The experimental design is critical in determining whether a particular data set addresses the controversy about extremely dry storage conditions. Experiments where a single water content or a narrow range of water contents is considered may give important information about potential longevity, but give no information about the role of water. Data sets containing two moisture treatments may give information about an overall effect of water content, but they cannot be used to show a break in the trend. At least three water contents are required, and one of the water contents must be sufficiently low to rule out the possibility of overlooking any detrimental effects of drying. The best data sets have many water content treatments over a large range of water contents beginning at close to 0% water, and deterioration detected in most, if not all the moisture treatments. There are few data sets that meet these criteria (Kosar and Thompson, 1957; Ellis et al., 1988, 1989, 1990a,b, 1992, 1995; Vertucci and Roos, 1990; Carpenter and Boucher, 1992; Vertucci et al., 1994a; Dickie and Smith, 1995; Buitink et al., 1998; Chai et al., 1998; Hu et al., 1998a; Kong and Zhang, 1998; Shen and Qi, 1998). The global project studying deterioration of lettuce seeds was initiated to evaluate a 'model' design for this type of research (Walters et al., 1998).

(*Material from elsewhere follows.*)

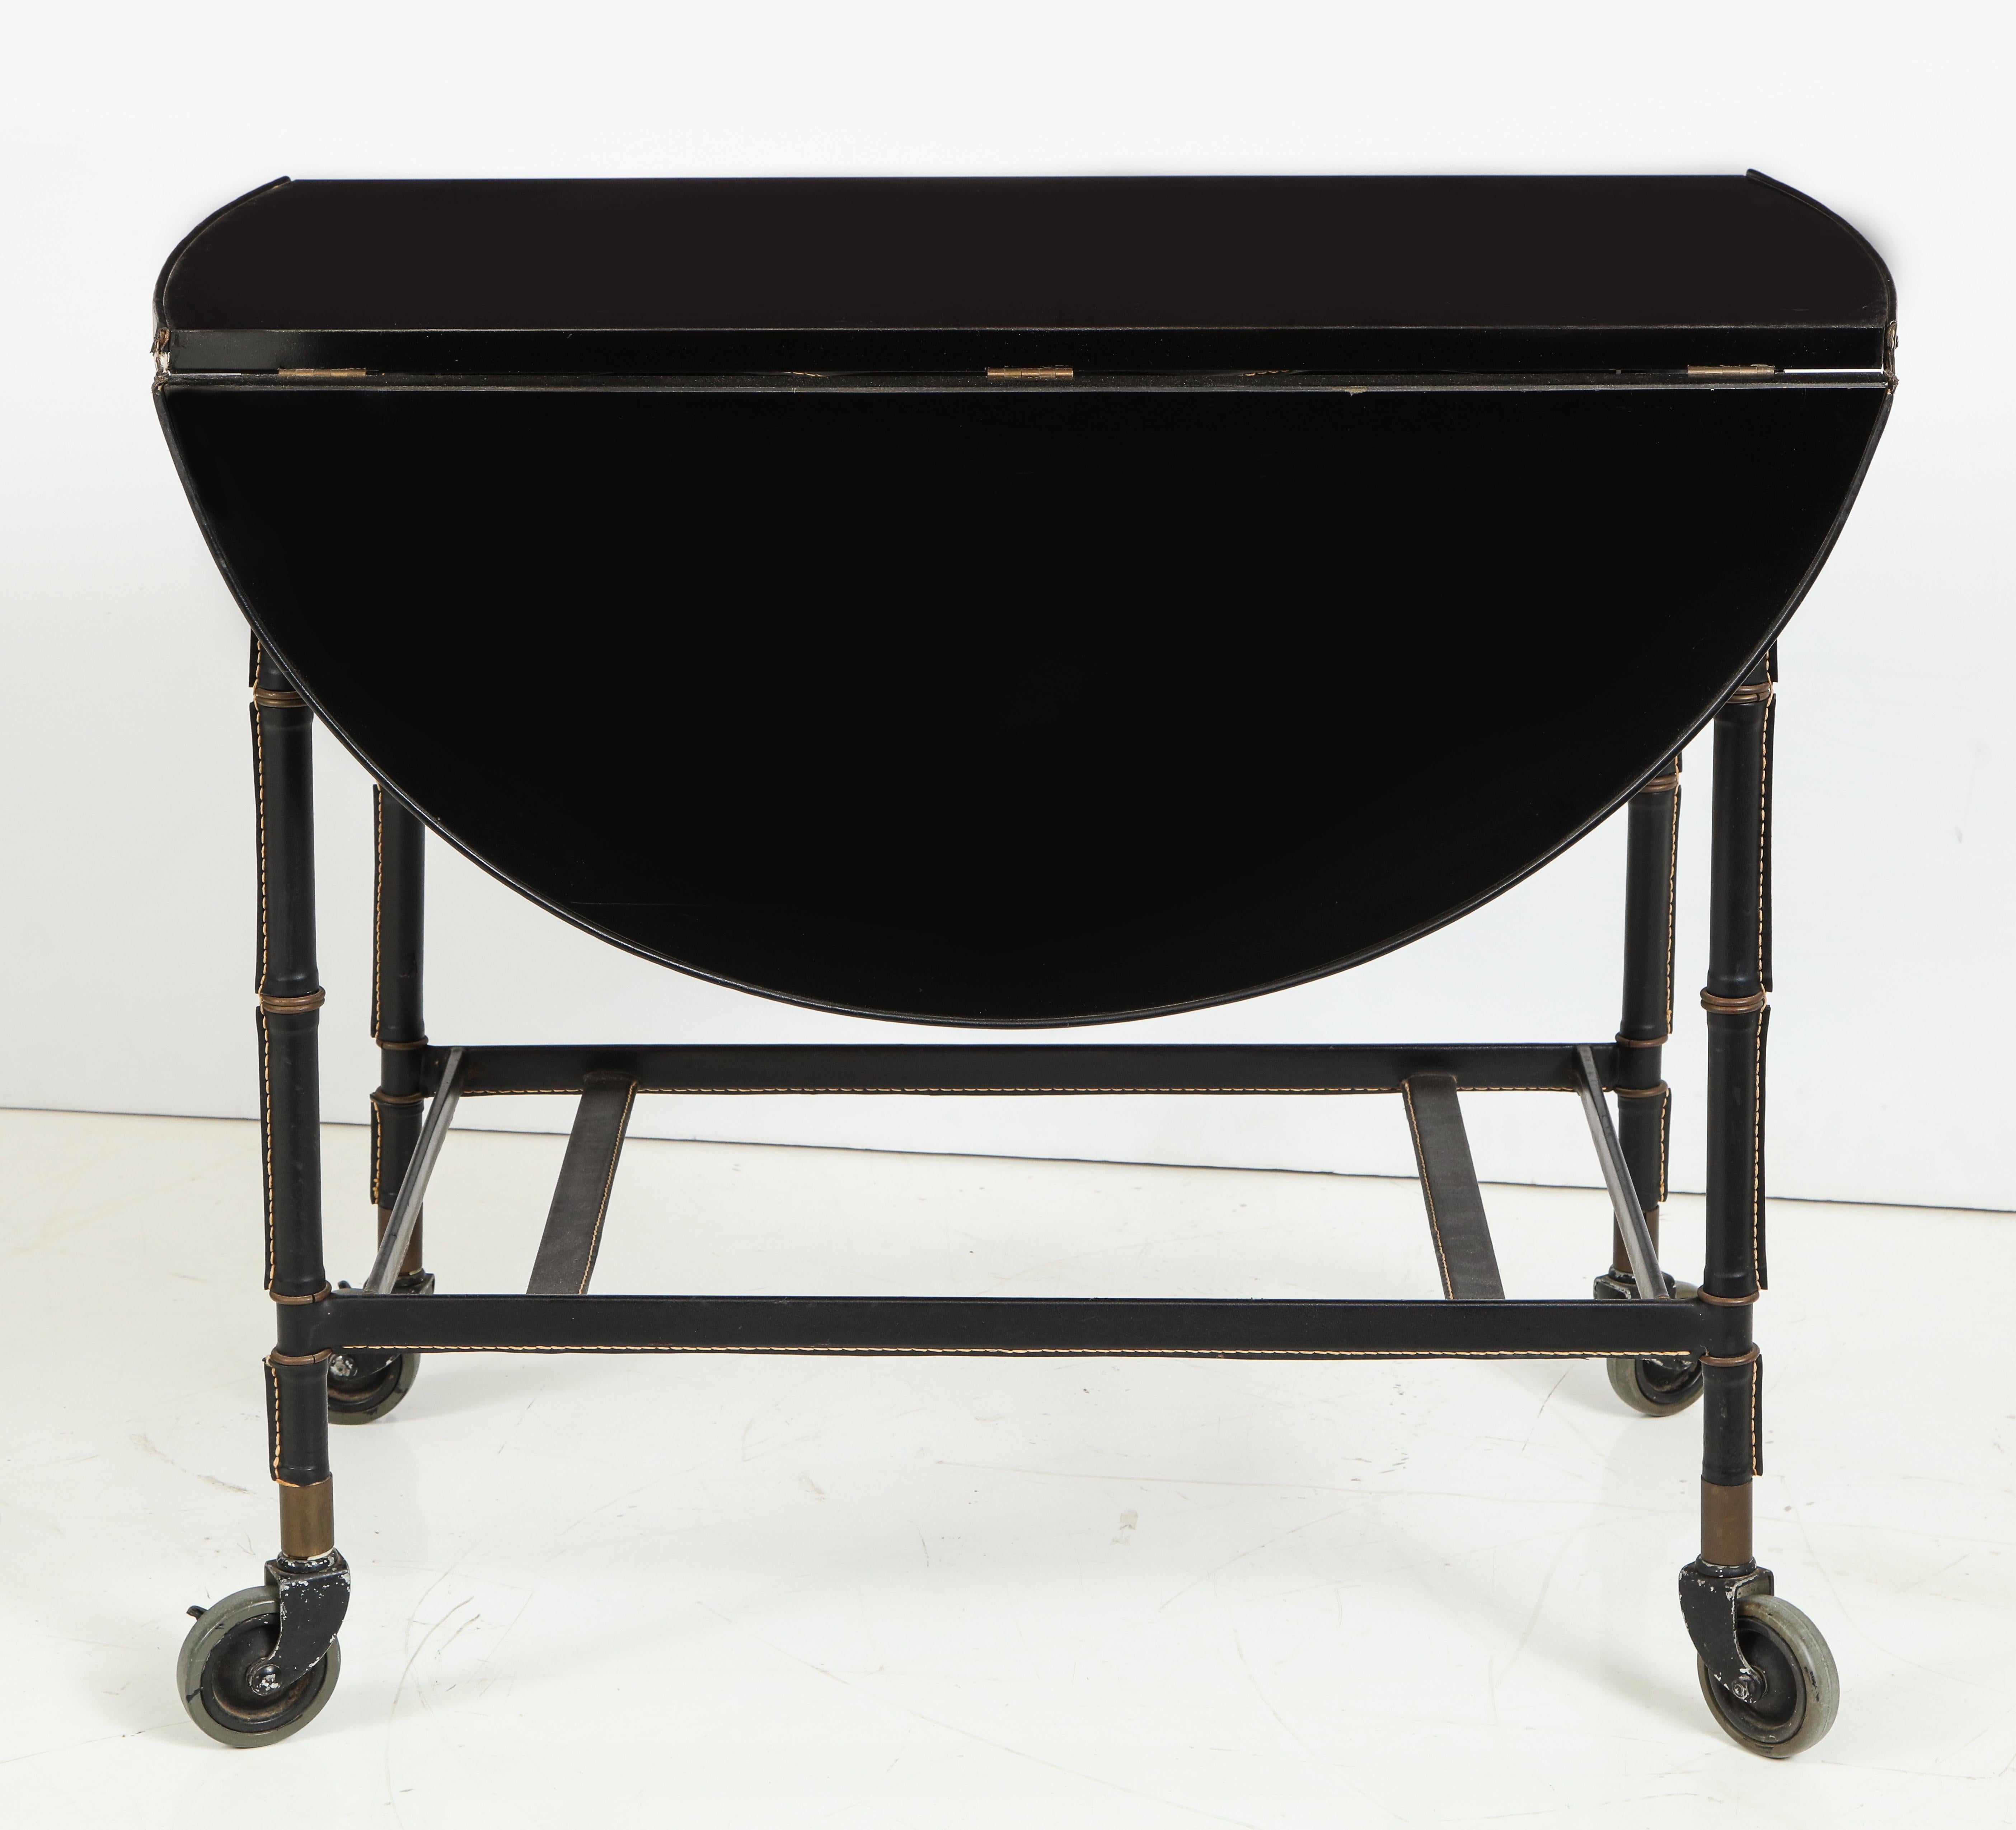 French Jacques Adnet Leather Wrapped Drop-Leaf Serving Table on Casters, France, 1950s

Among experiments that are appropriate to evaluate the effect of extremely low water contents on seed longevity, there is evidence showing no effect of water content below a critical value (Ellis et al., 1988, 1989, 1990a,b, 1992, 1995; Kong and Zhang, 1998); detrimental effects (Kosar and Thompson, 1957; Ellis et al., 1989, 1990a,b; Vertucci and Roos, 1990; Carpenter and Boucher, 1992; Vertucci et al, 1994a; Dickie and Smith, 1995; Buitink et al., 1998; Chai et al., 1998; Hu et al., 1998a; Kong and Zhang, 1998; Shen and Qi, 1998); and in a few cases, a progressively beneficial effect of drying to extremely low water contents (1% for chive at 40°C, Kong and Zhang, 1998; 1.7% for yew, Walters-Vertucci et al., 1996; and 2% for sesame at 50°C, Ellis et al., 1986). Even when experiments were conducted using the same species at the same temperature, conflicting results have been reported. For example, detrimental effects of storing Brassica pekinensis at 40°C and <3% (Shen and Qi, 1998), as opposed to no effect of water content for the same species stored at 40°C and water contents between 0.5 and 3.0% (Kong and Zhang, 1998). For the majority of species tested there were no detrimental effects of extreme drying when seeds were stored at or above 50°C, but the longevities for all treatments were relatively short. However, for many species a definite reduction in longevity was observed when seeds were dried to water contents less than 2-3% and subsequently stored at or below 45°C. This introduces the possibility that some of the conflicting results may be attributed to the different temperatures used in the experiments.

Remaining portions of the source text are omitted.